[Data records]
----------
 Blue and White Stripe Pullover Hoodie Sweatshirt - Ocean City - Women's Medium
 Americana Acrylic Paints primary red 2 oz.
----------
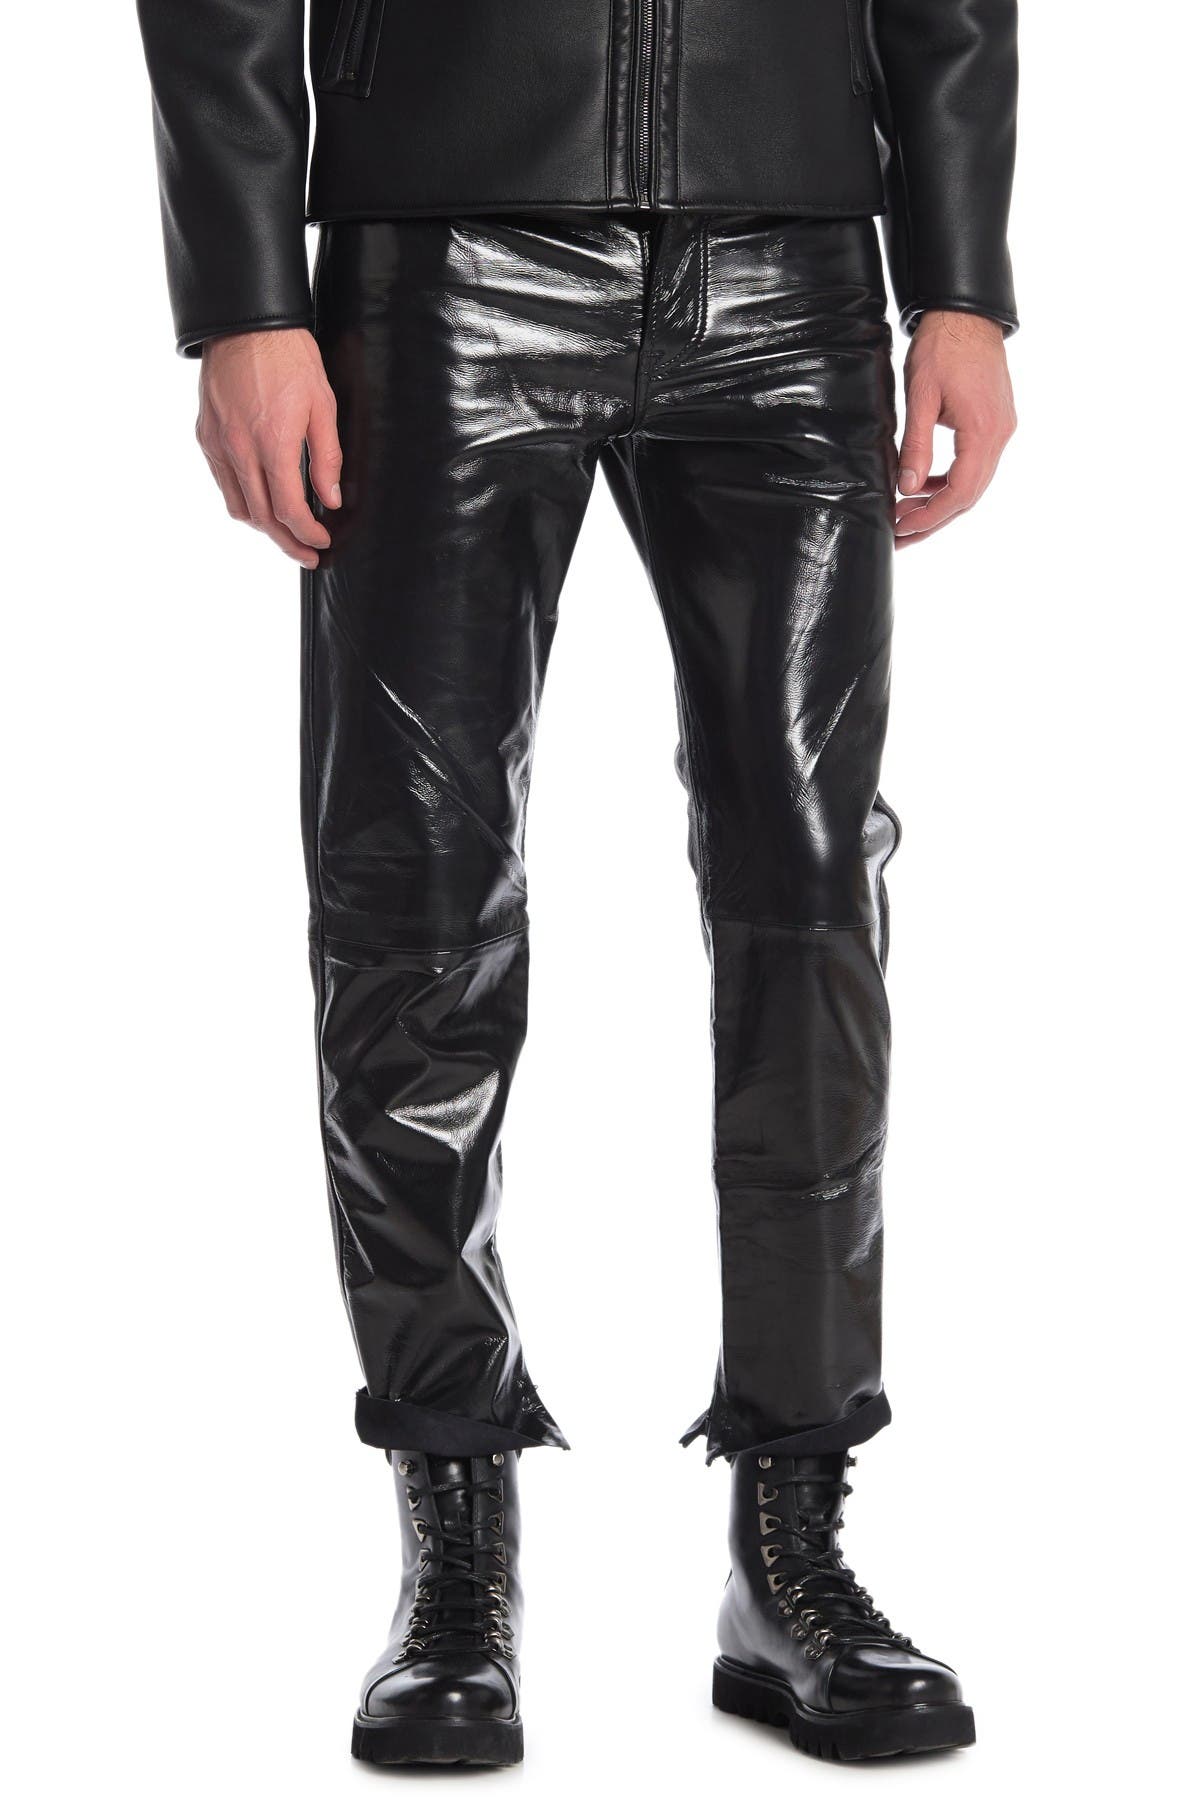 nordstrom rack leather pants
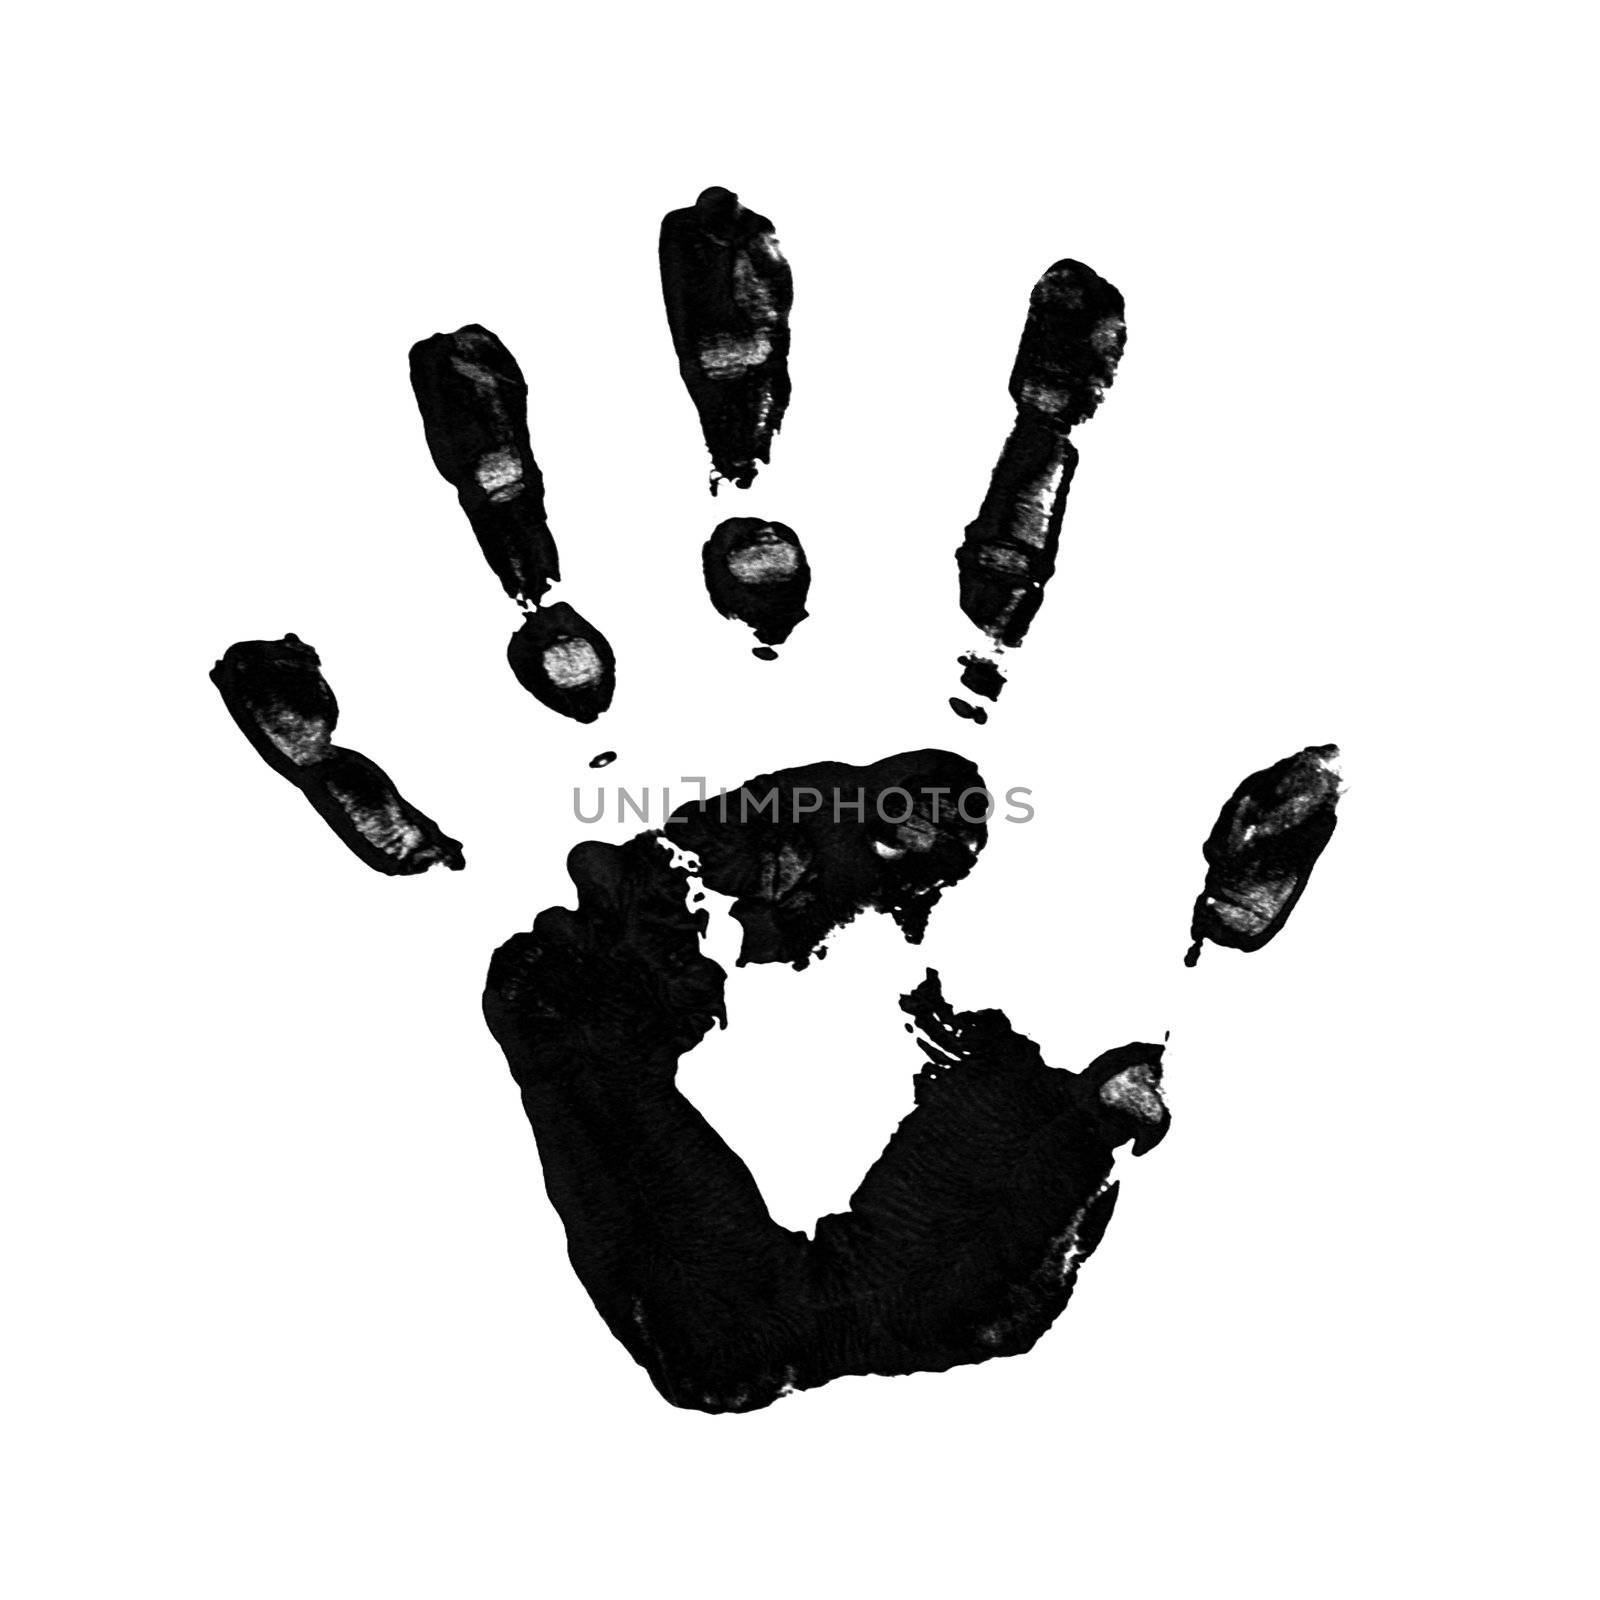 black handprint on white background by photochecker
----------
[Brief] Retype exactly the lines above, from the one with "Blue and White" through the one with "Americana Acrylic Paints primary red 2 oz.", inclusive.

[Task solution]
 Blue and White Stripe Pullover Hoodie Sweatshirt - Ocean City - Women's Medium
 Americana Acrylic Paints primary red 2 oz.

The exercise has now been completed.